> [Requirement]:
Would you print out all of the data exactly and keep the pictures out of it?

> [Dataset extract]:

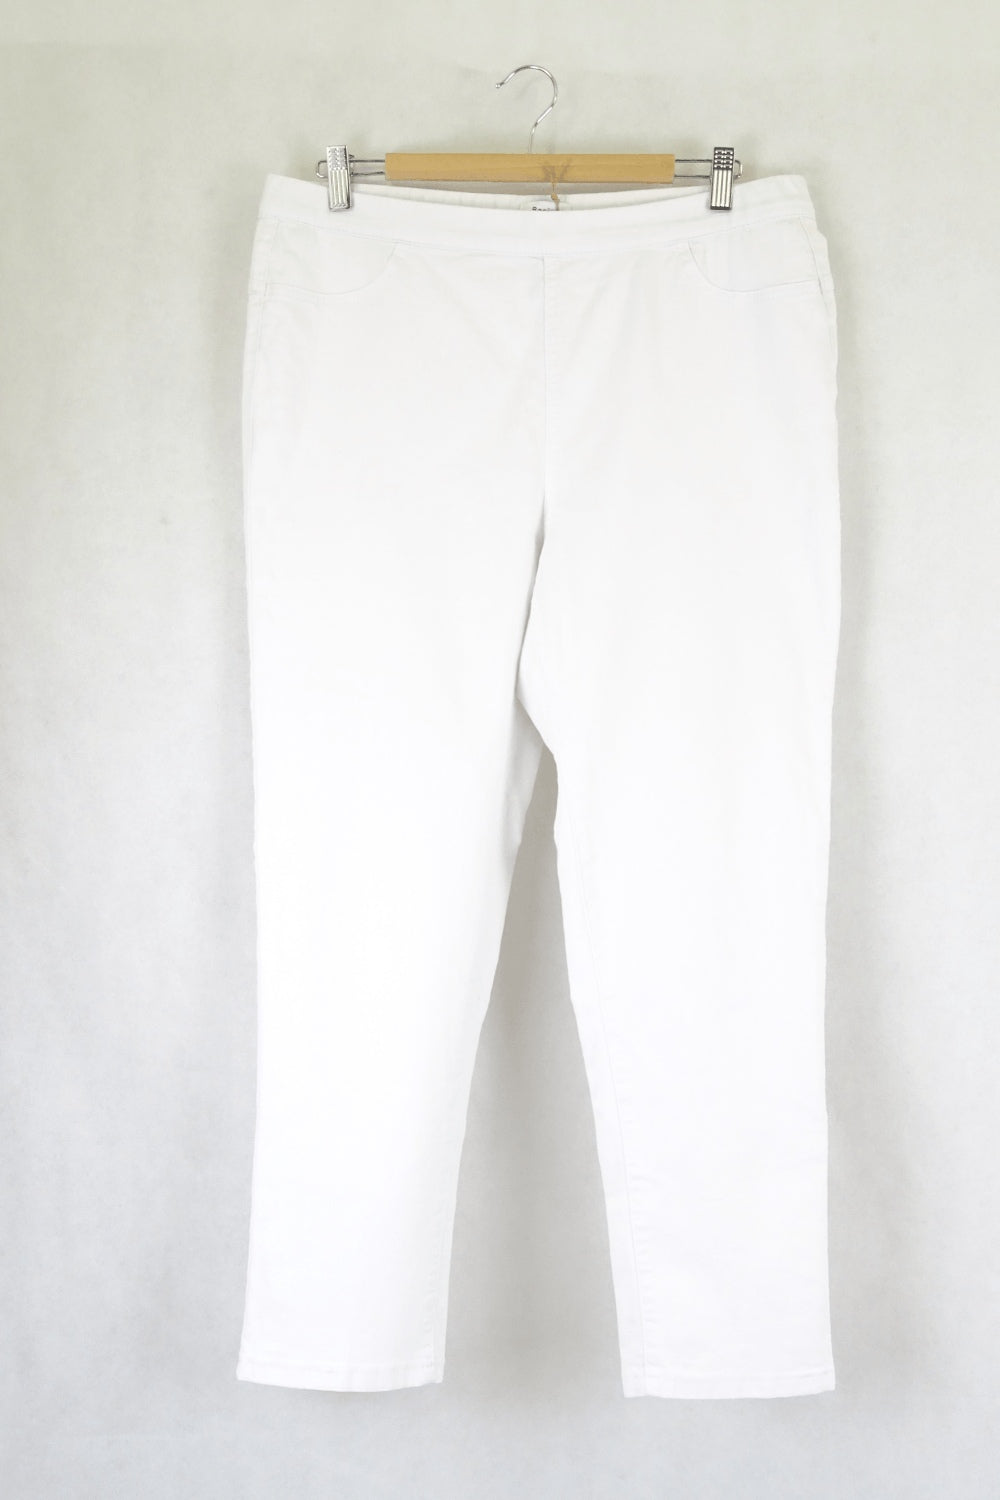 Basics White Pants L
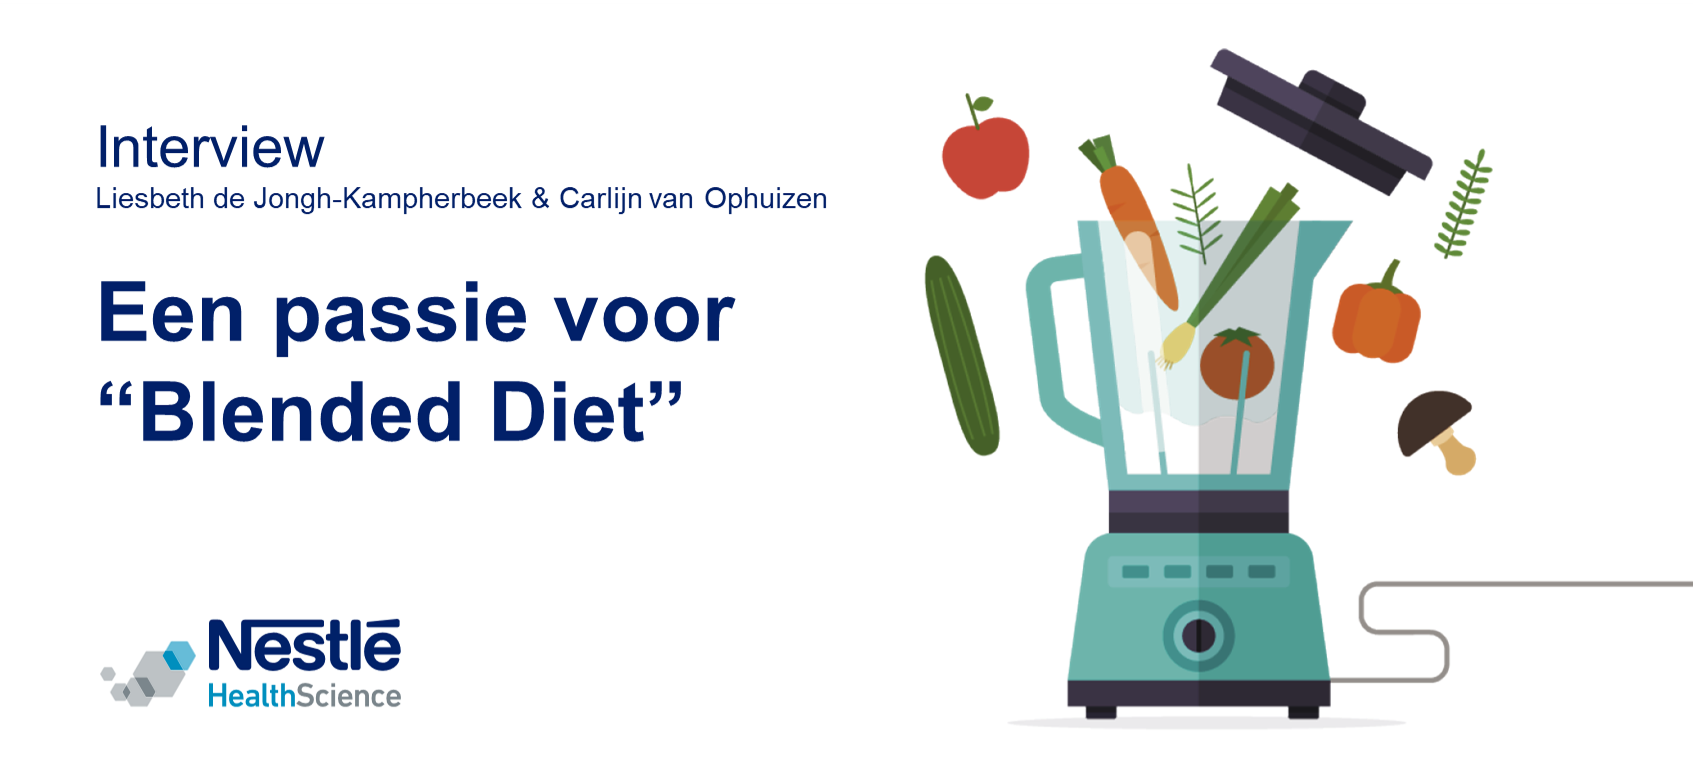 Interview Blended Diet - Liesbeth de Jongh & Carlijn van Ophuizen
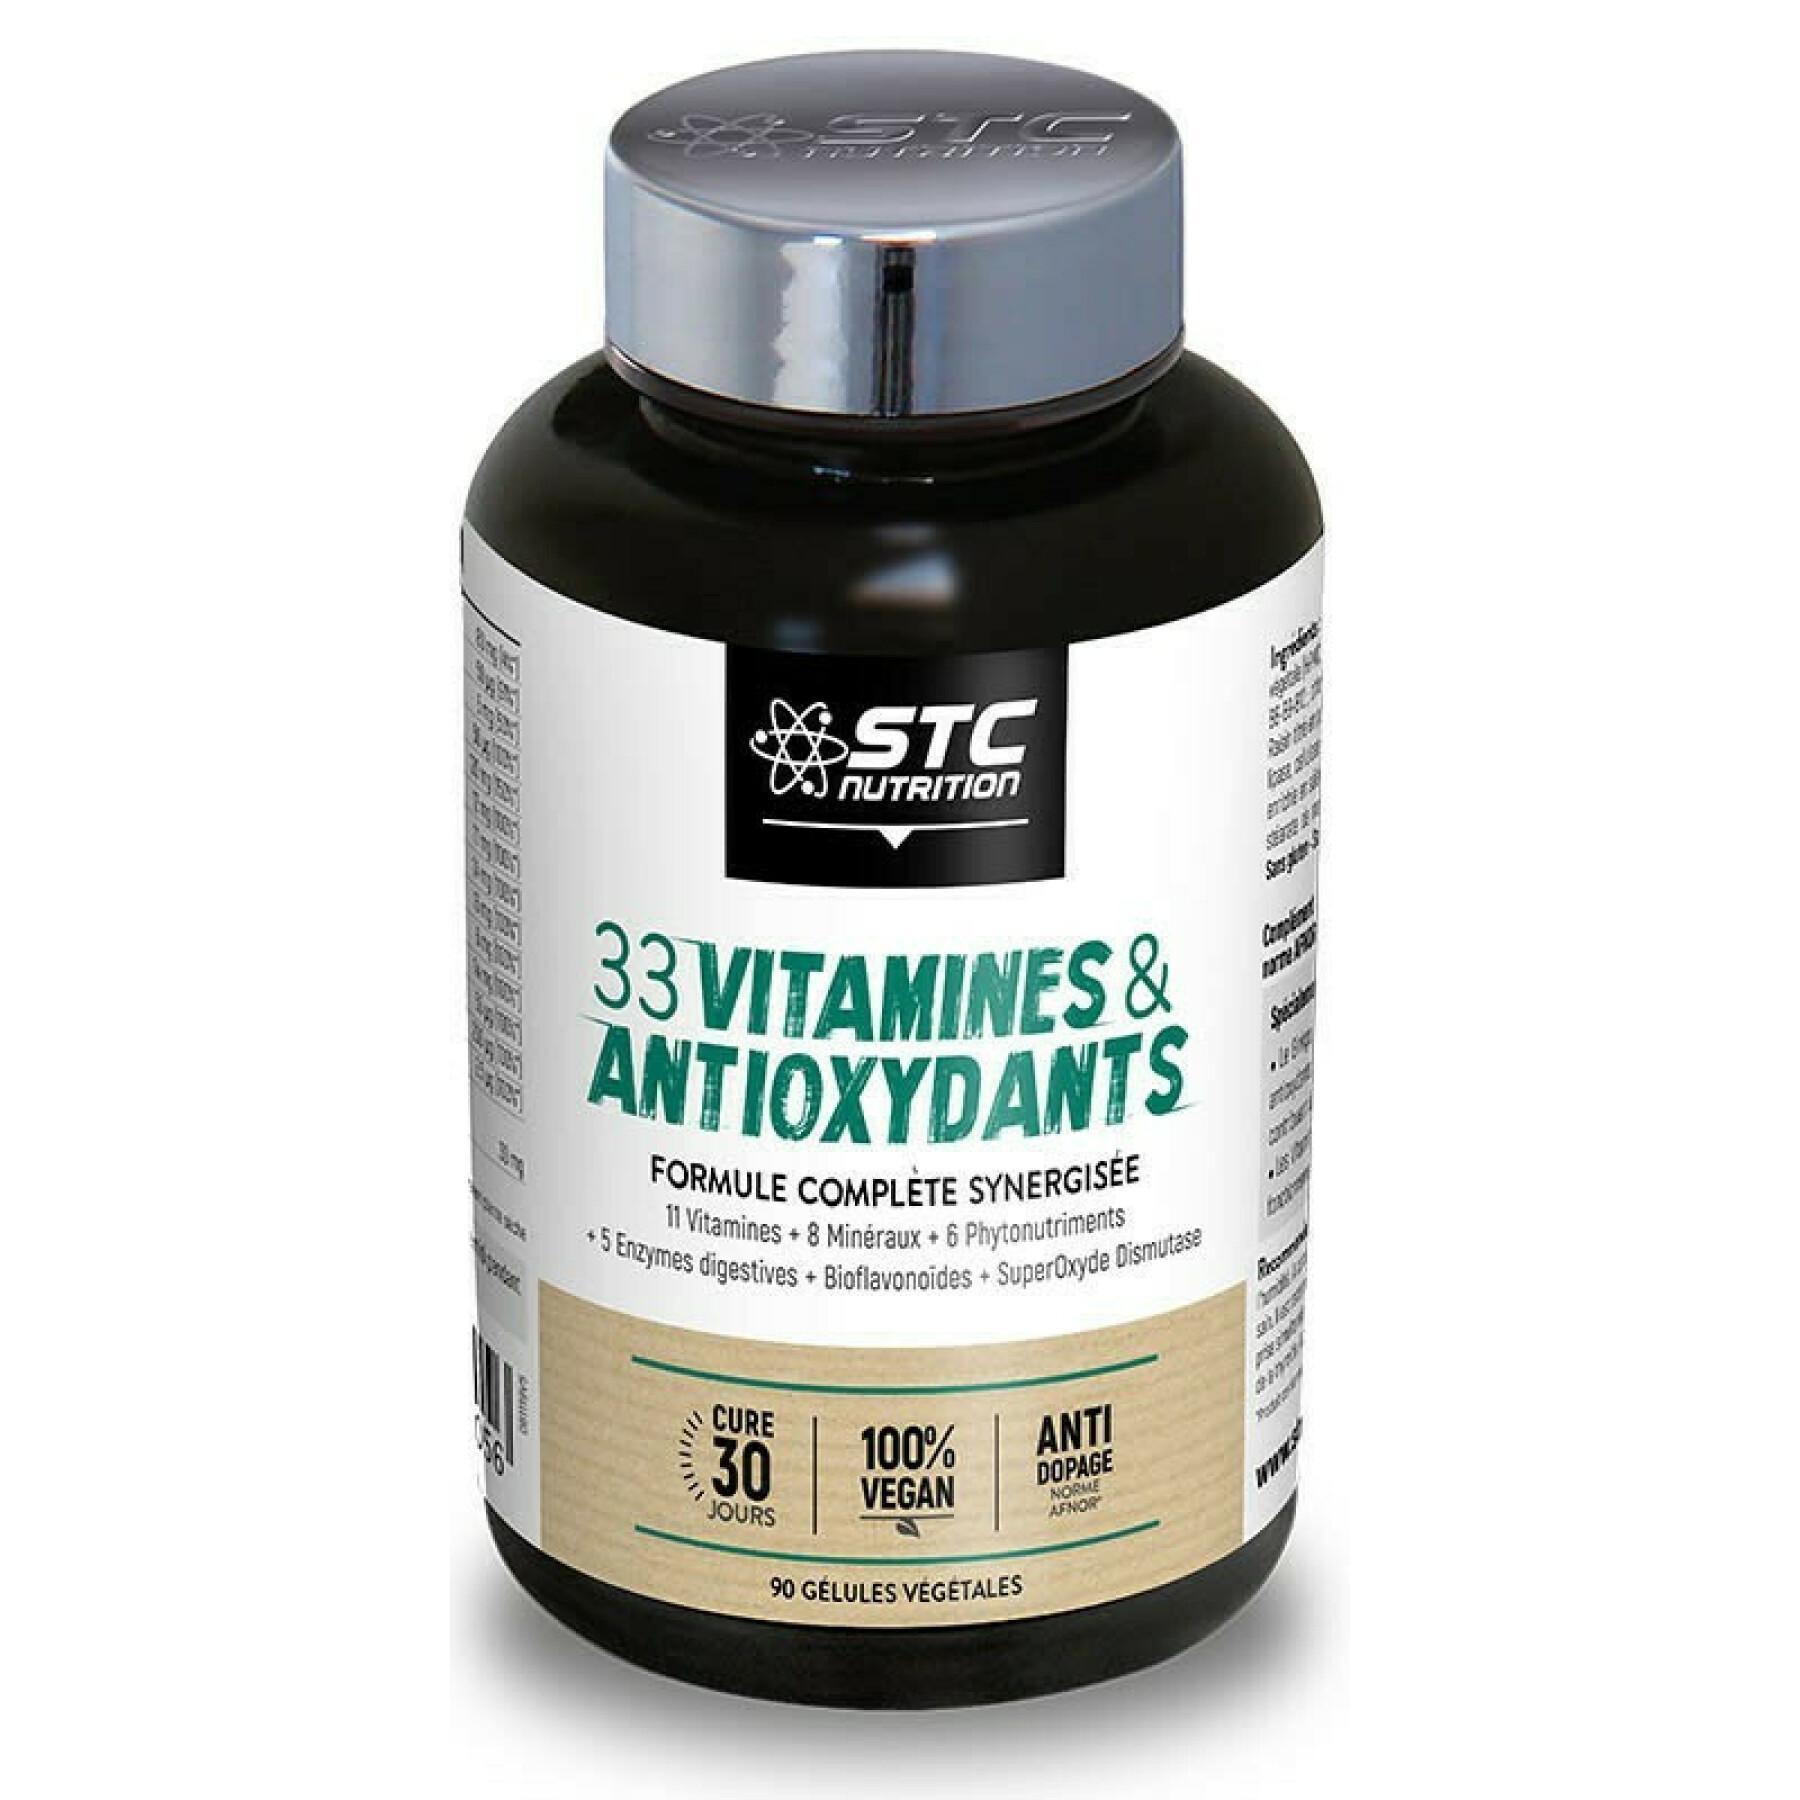 Complete synergistic formula 33 vitamins & antioxidants STC Nutrition - 90 gélules végétales

> [Result for this exercise]:
 Basics White Pants L
 Interview Blended Diet - Liesbeth de Jongh & Carlijn van Ophuizen
 Complete synergistic formula 33 vitamins & antioxidants STC Nutrition - 90 gélules végétales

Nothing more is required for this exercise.